When the lockdowns were first announced, it triggered this huge adrenalin rush that lingered for months. The first reaction was to do something, anything (ironically, given that the best defence against the virus was to stay home and do very little). My business partner and I went on a mad blitz running around to make sure we had everything, buying everything from motorbikes to packaging to stationary.

The wartime spirit was kindled. That initial spurt was one of the most intellectually stimulating periods of my life. When my mentor, rang me up to draft me into the “transformation” sub-committee of the PM’s Road Map to Recovery from Covid19, it really did feel as though one had a very real and immediate responsibility to shoot out new ideas and new policies, and have them rigorously tested (those four-hour Zoom meetings still give me a bit of post-traumatic stress). It is always a lot harder to draft policies than to criticise them.

At the same time, many of my friends were rallying. I was drafted into innumerable WhatsApp groups doing everything from designing ventilators, sourcing liquid rubber for gloves in Malaysia, reading children bedtime stories, and finding ways to support musicians and artists. I know so many people who finally, through necessity (losing their jobs) or opportunity (having been fortunate enough to be in technology) suddenly found their resolve and finally “did the thing”.
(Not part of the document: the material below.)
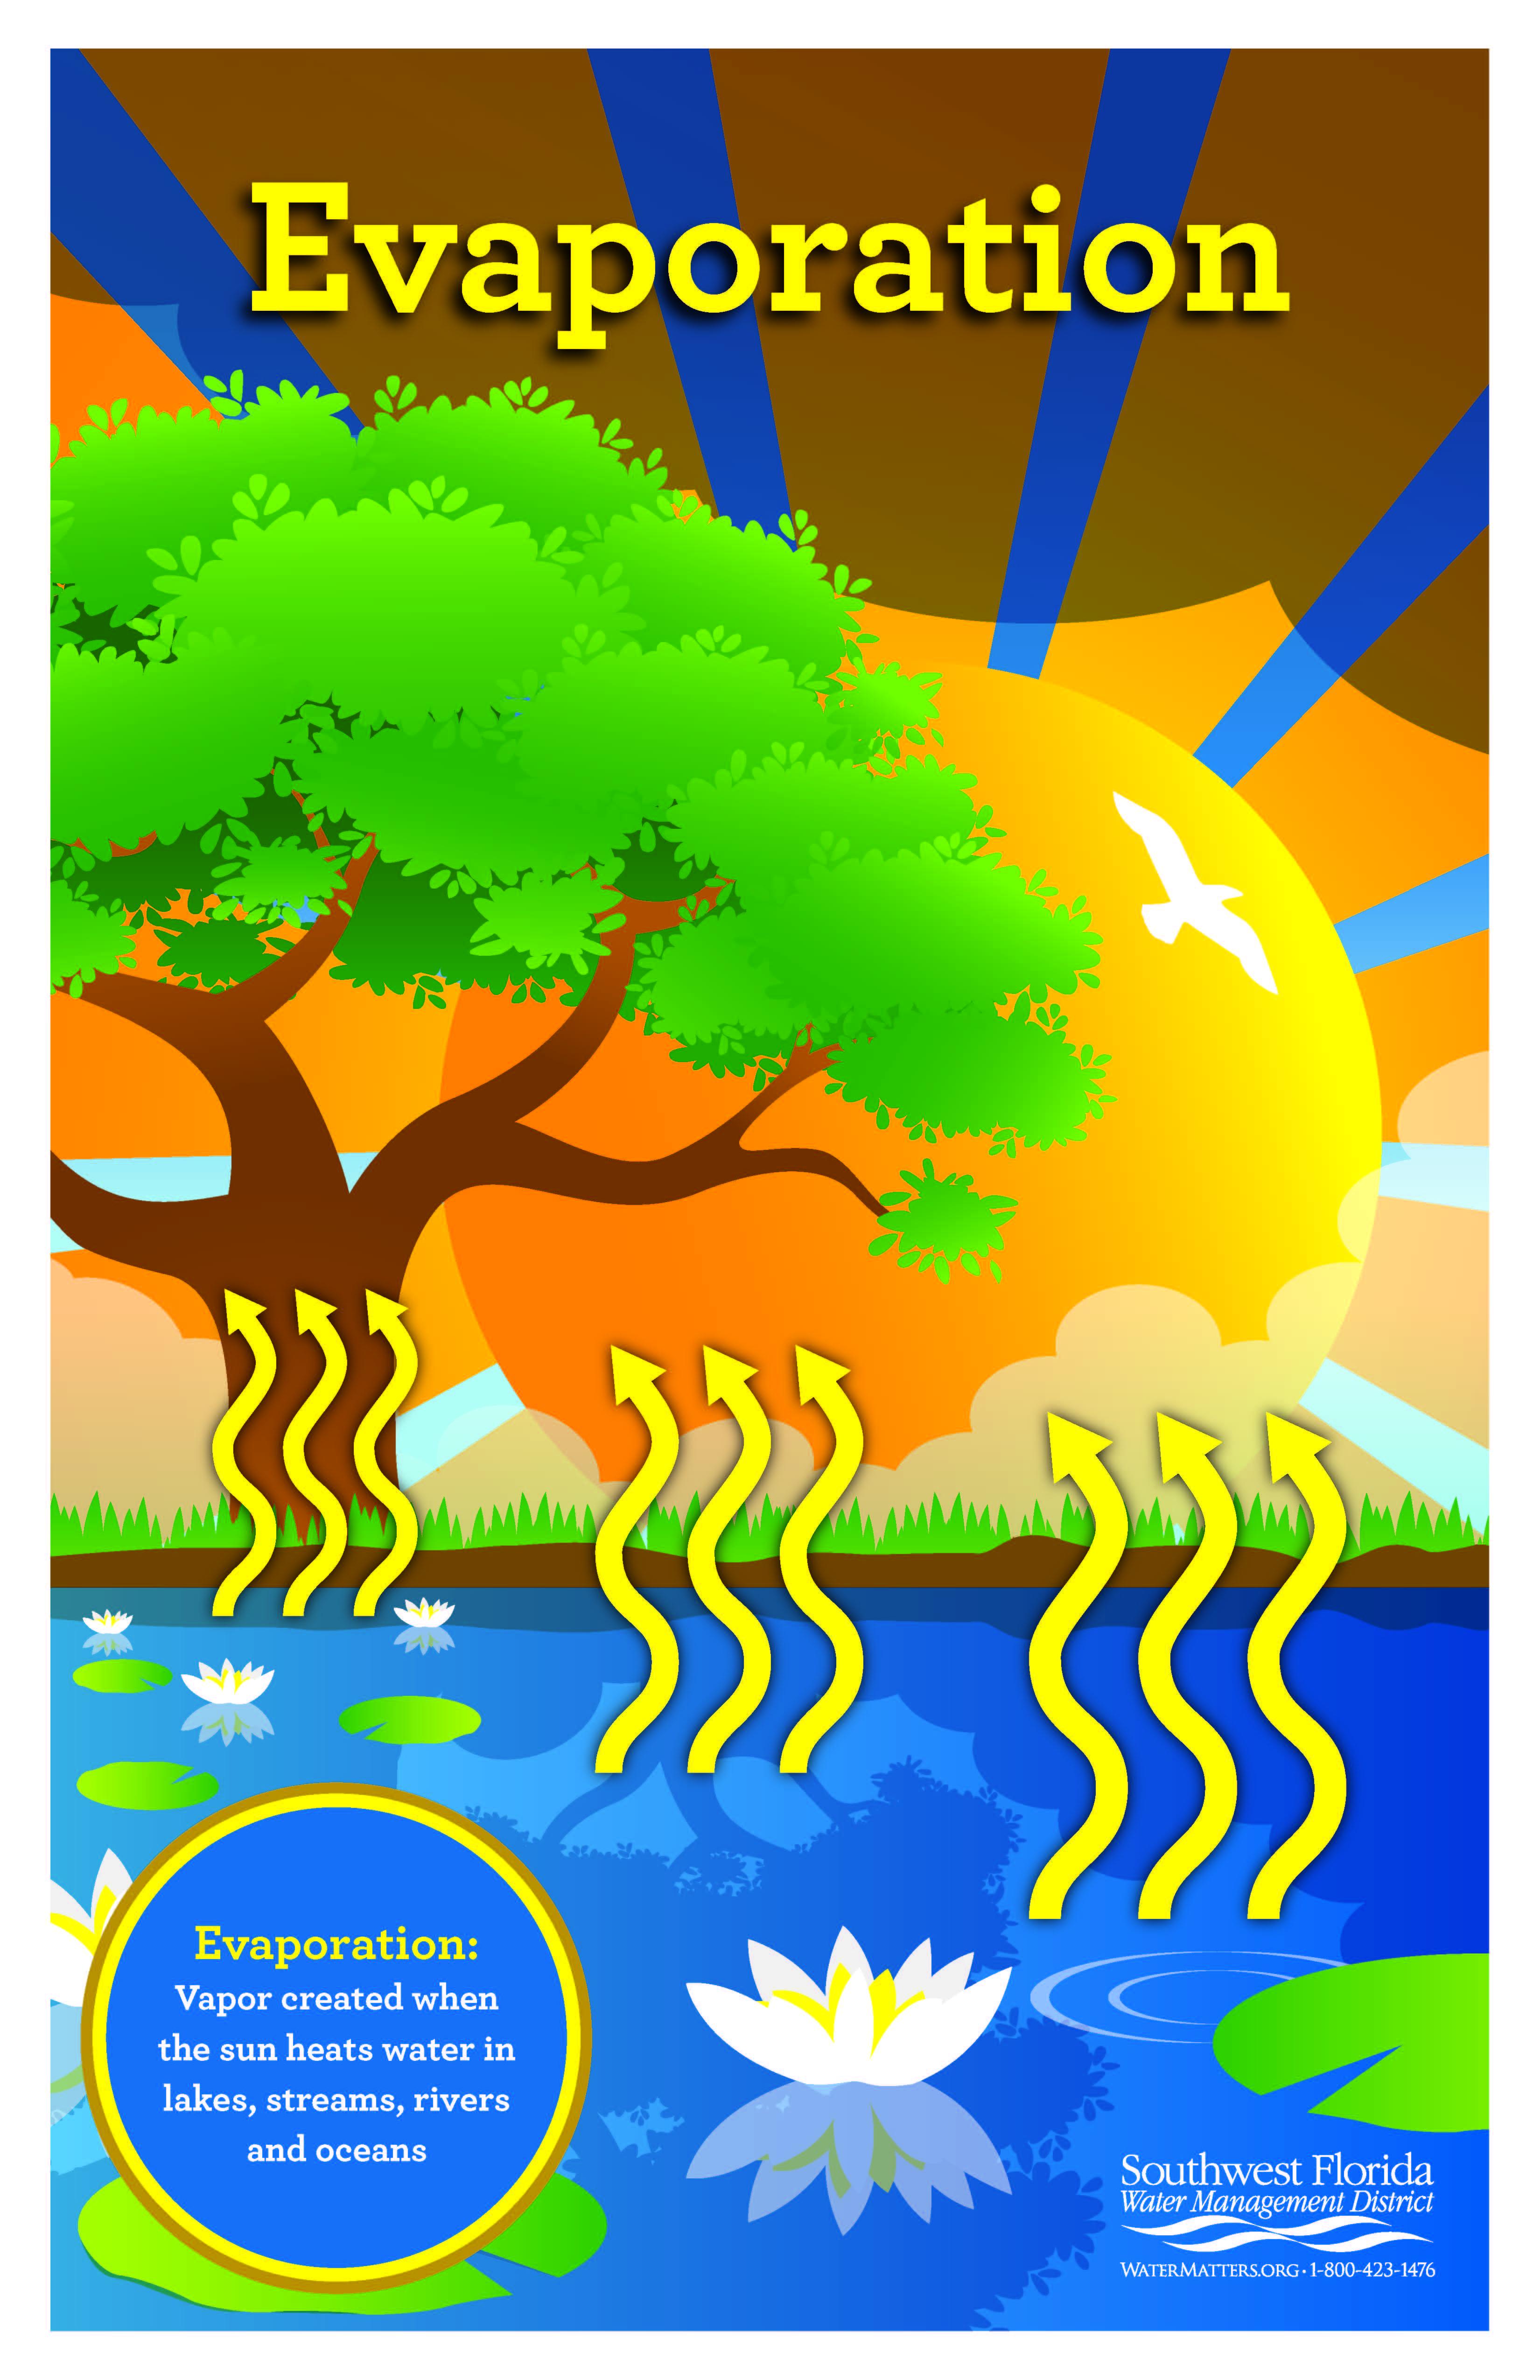 Order Or Download An Evaporation Poster

As an entrepreneur in health technology it was bizarre. One the one hand what we were doing overnight became the focus of the entire world’s efforts – opening lots of opportunities – with virtual meetings levelling the field for people from smaller countries. But on the cusp of launching our company, I watched the deadlines stretch into the horizon as one international software engineer after the other caught covid19. With losses mounting, it felt for some time as though I was trapped in a terrible limbo.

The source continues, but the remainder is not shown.